Я слабел все более. Минуту назад я напрасно пытался поднять глаза к часам на стене. Теперь даже веки мои были парализованы. И, не в силах более ни прикрыть, повернуть моих зрачков, я видел только, прямо перед собой, просвечивающуюся чечевицу, волокна которой таинственно блистали, дормез, в котором я только что видел мое изображение, - и часть стены, расписанной фресками, - и все это в очертаниях смутных, как бы струящихся…

И с каждой минутой я чувствовал, мне казалось, жизнь вытекает в молчании из этого опустошенного тела…

Вдруг произошло что-то необычайное. И я был поражен до такой степени, что смог, непонятно какой вспышкой энергии, открыть шире мои глаза, мигая ресницами.

В дормезе, где только что обрисовывалось мое изображение, я видел… видел ясно, отчетливо, без всякого сомнения, с непреложной и ужасающей очевидностью, другой образ, тоже светящийся, но иным светом… колеблющуюся и фосфоресцирующую тень… Тень, которая рождалась из пустоты…

XXXI

…Которая рождалась из пустоты…

Сначала она почти не существовала. Поистине, менее, чем тень… она была почти прозрачна, как кристалл: я продолжал видеть все детали дормеза, подпорку для головы, подлокотники, спинку… И она была совершенно бесформенна и бесцветна… Просто молочно-белый свет, неверный и изменчивый, подобный флюоресцирующим волнам Гесслеровых трубок…

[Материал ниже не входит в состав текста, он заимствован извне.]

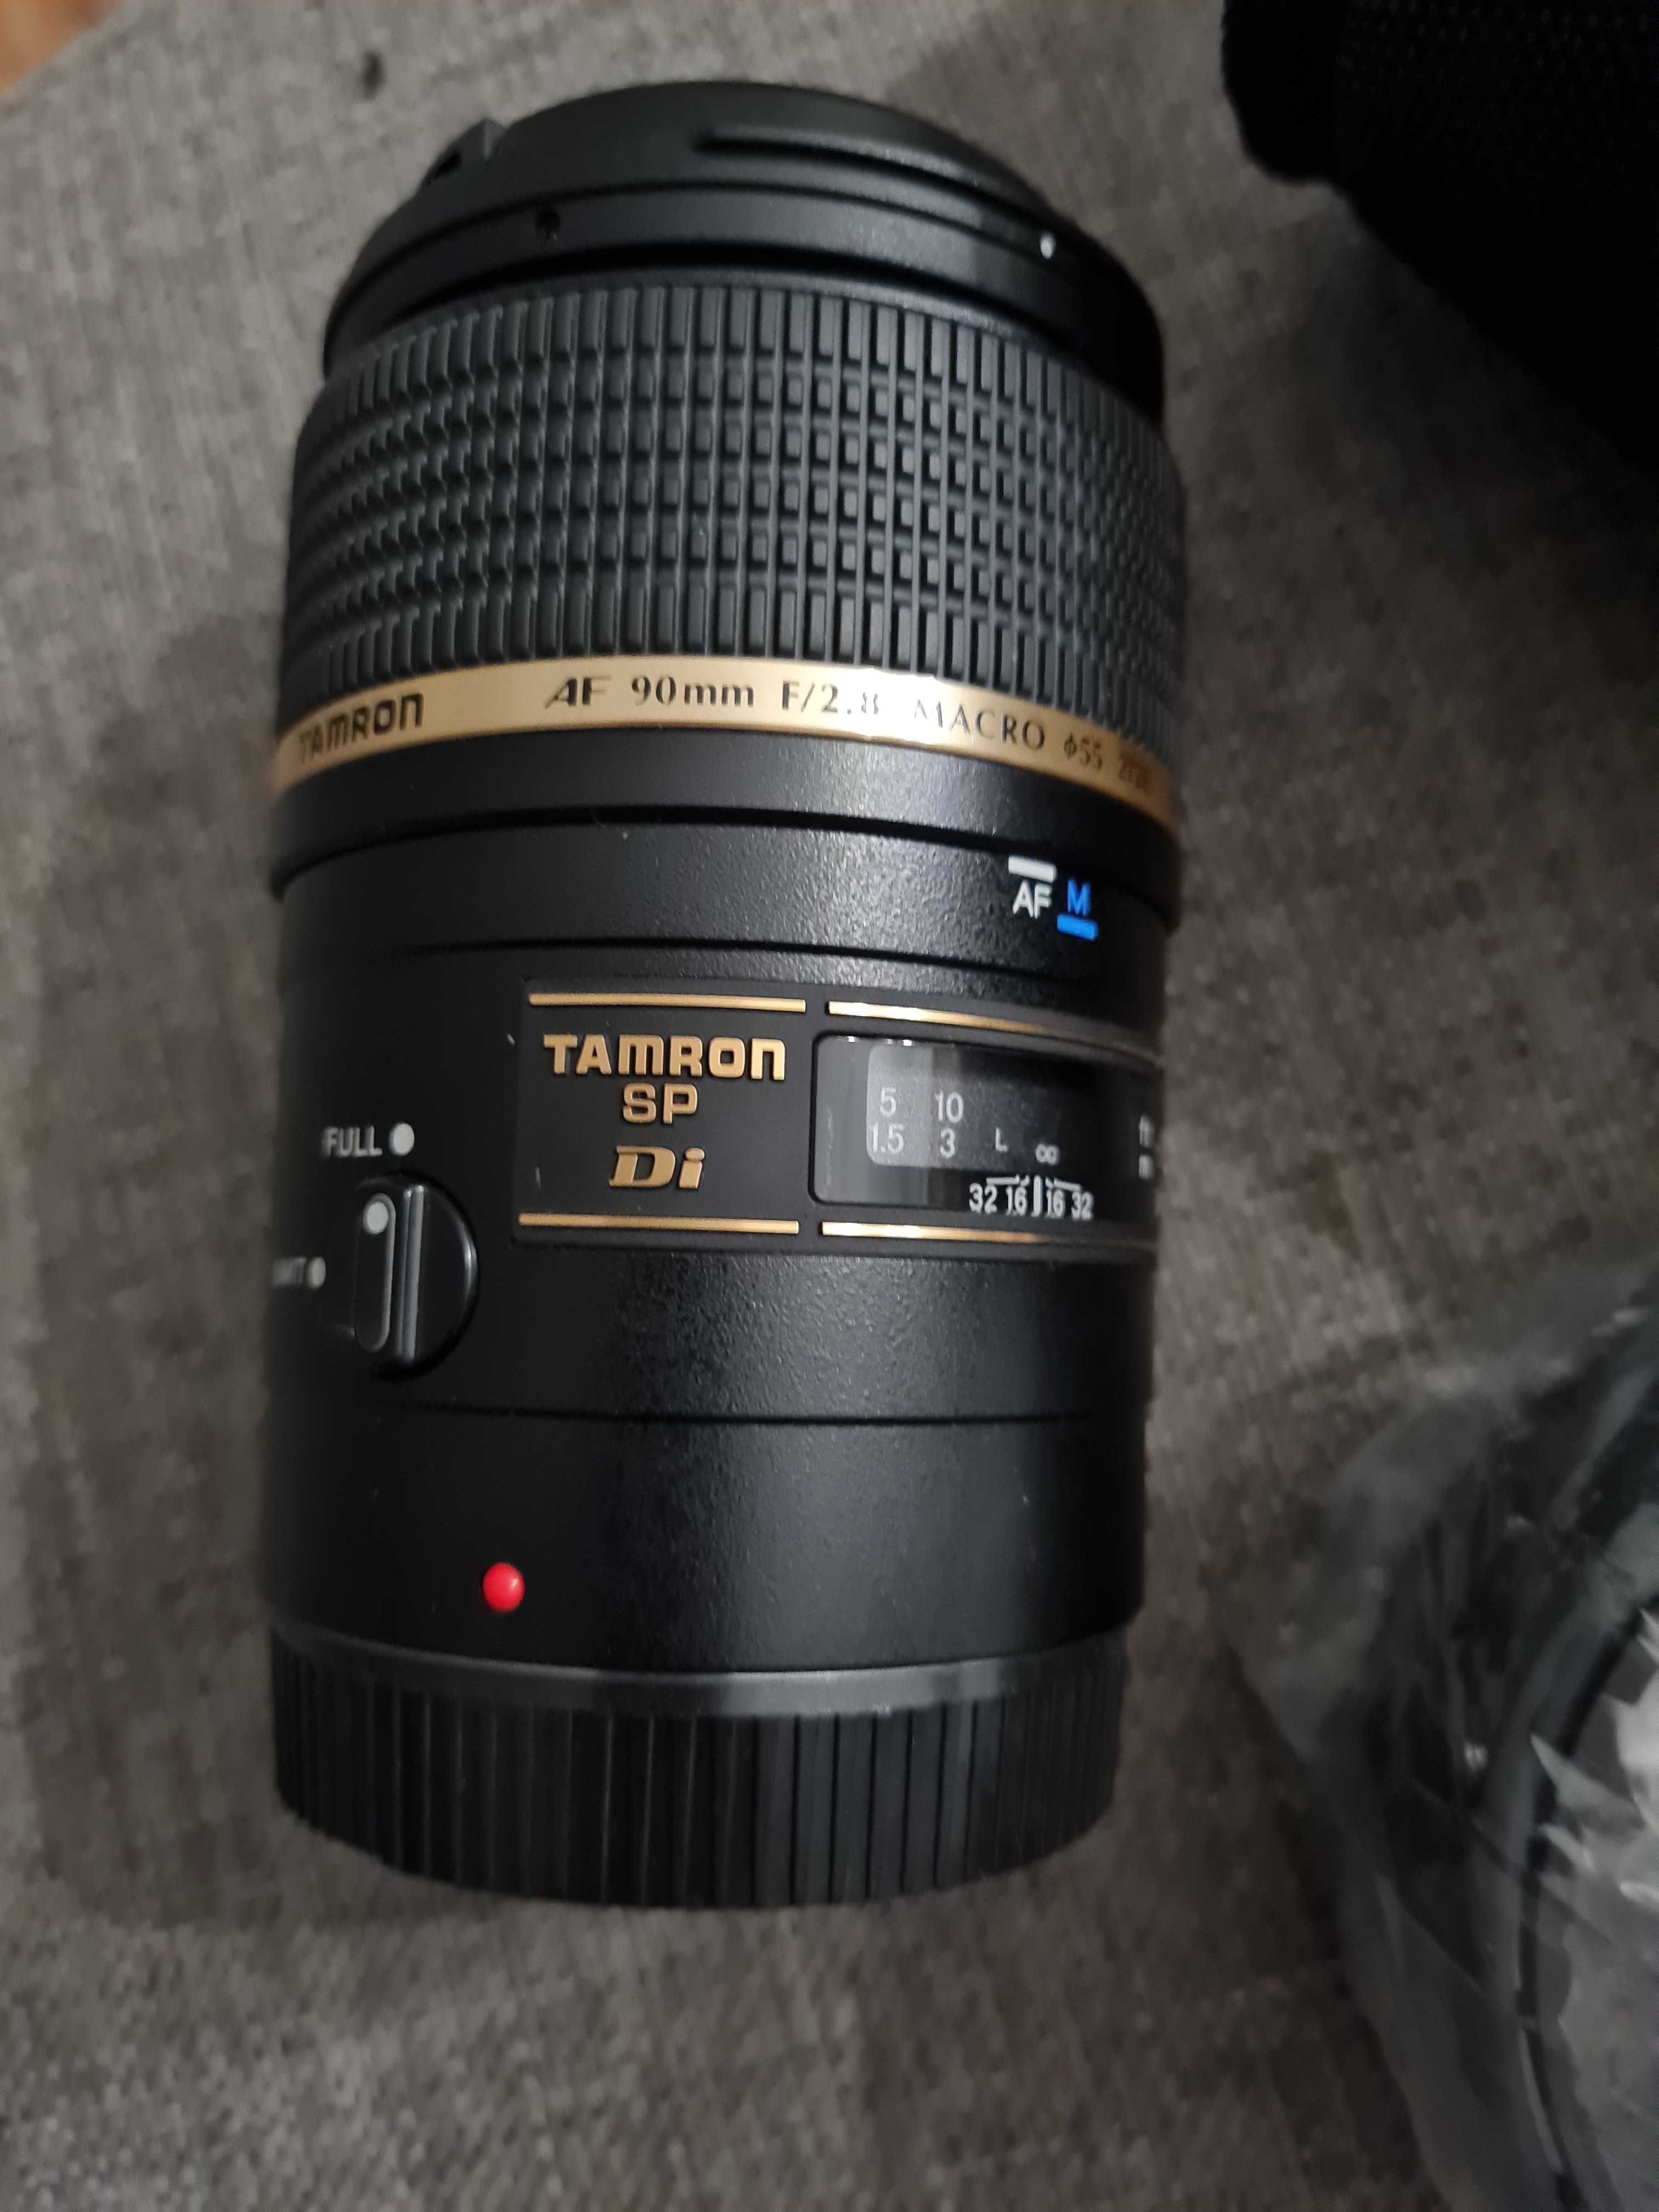 Obiektyw Tamron SP Di AF 90mm do Canona, fv
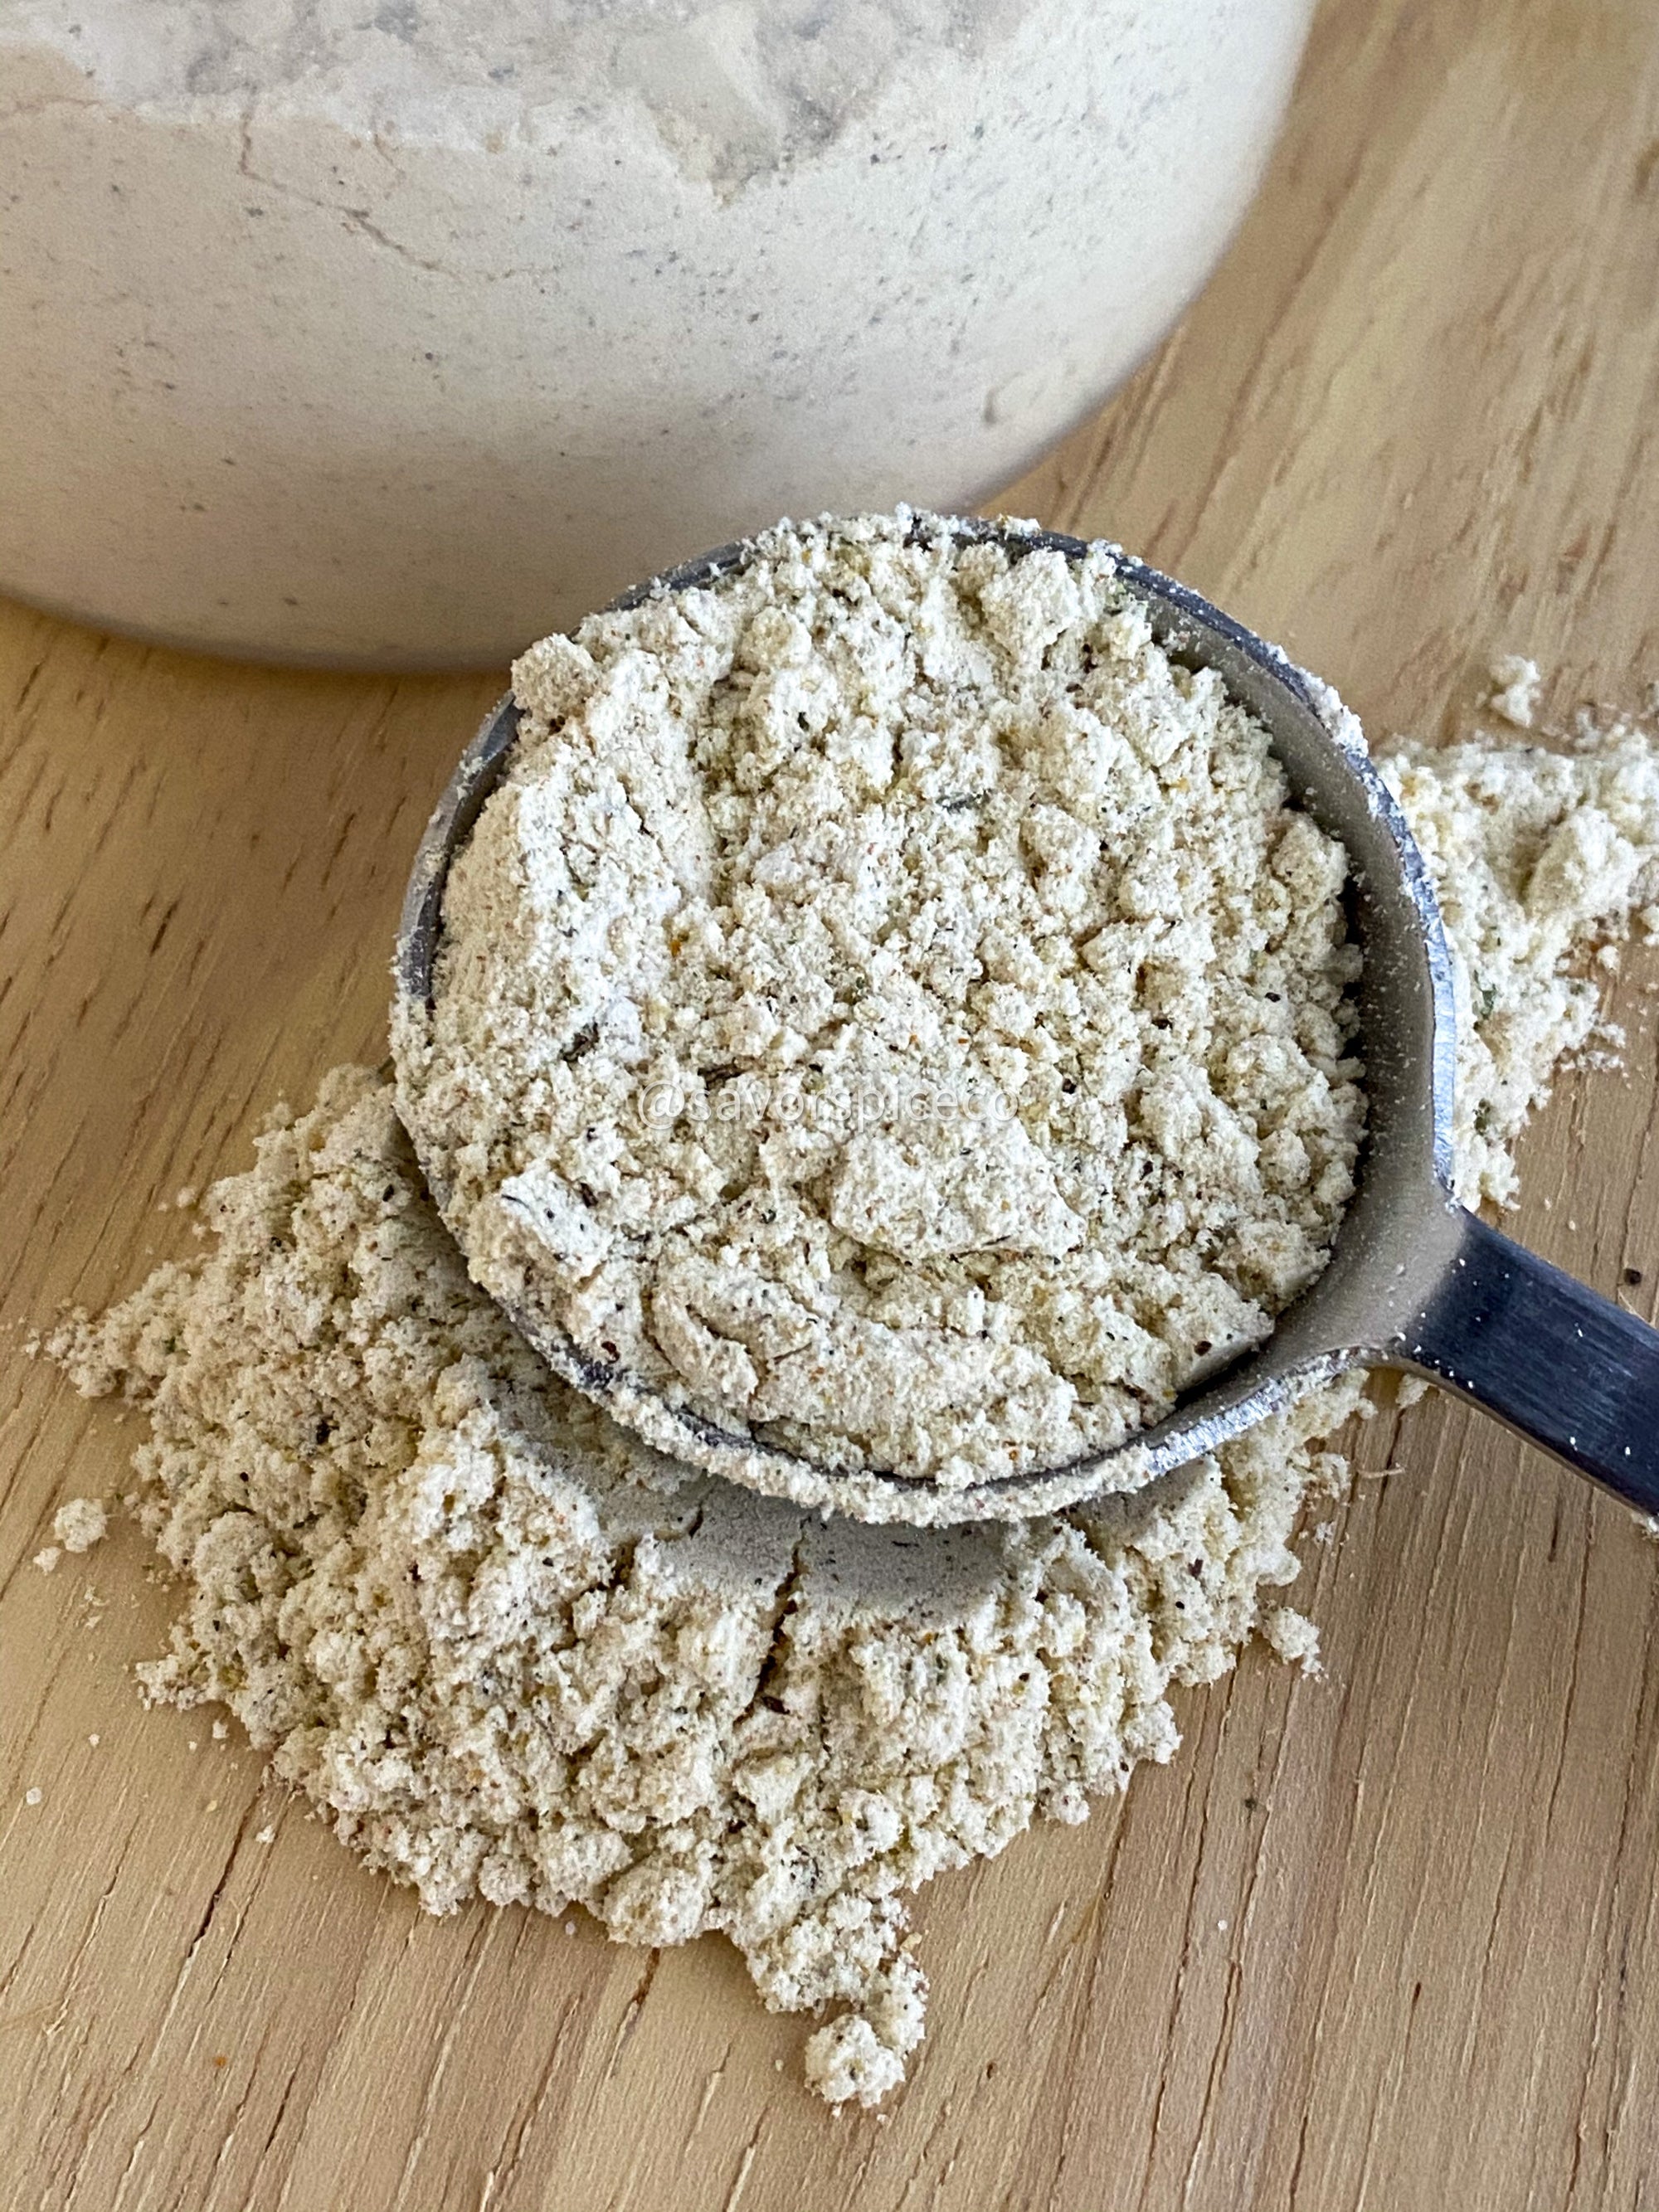 Scoop of yardbird seasoned flour

Однако, она существовала. Она существовала гораздо реальнее, чем мое изображение, преломленное чечевицей перед тем: существовала существованием материальным, весовым… Я его угадывал, я его чувствовал, я знал. Она жила, быть может…

Она жила, да. Ибо в ткани, в субстанции светящейся тени, я начинал видеть, - я видел, - я видел ясно! - настоящую сеть вен и нервов, более светящуюся, чем само вещество тени… И я видел, как во всех венах и нервах бежала, равномерно пульсируя, фосфоресцирующая жидкость, которая изливалась из центра… которая изливалась из сердца…

Я видел, но что значит видеть? Я угадывал, я чувствовал, я знал - знанием верным, непреложным. Я знал, что эта тень жила, как знал, что живу я сам. И я чувствовал, как бьется ее сердце, как течет эта жидкость в этих фосфоресцирующих артериях - подобно тому, как знал, что бьется мое собственное сердце, и течет в моих артериях моя собственная кровь. И я постигал, что Существо это рождалось не из пустоты, а из меня, - из меня самого, - и что поистине оно было я сам…

И из глубины моей слабости и моей агонии, из глубины смертельного оцепенения, поглотивших мое сознание и мой разум, возникла эта единственная уверенность, и ясное, ясное понимание всего, что мне было сказано в словах, еще недавно темных и непонятных…

Да, это был я сам, эта Тень, сидящая передо мной, эта Тень, светящаяся и уже не такая прозрачная…

Я слабел все более. И я перестал видеть, потом слышать. Черная, непроницаемая завеса окутала меня. Казалось, я умер…

Позже я пришел в себя. Много позже, вероятно. Впрочем, я не знаю, но когда я пришел в себя, вся моя жизнь, предшествовавшая этому обмороку, представилась мне отошедшей на расстояние вечности, отошедшей за пределы всех возрастов…

Холодные руки сжимали мои виски. На мой лоб падали капли с мокрого носового платка. Граф Франсуа стоял передо мной, стараясь привести меня в чувство.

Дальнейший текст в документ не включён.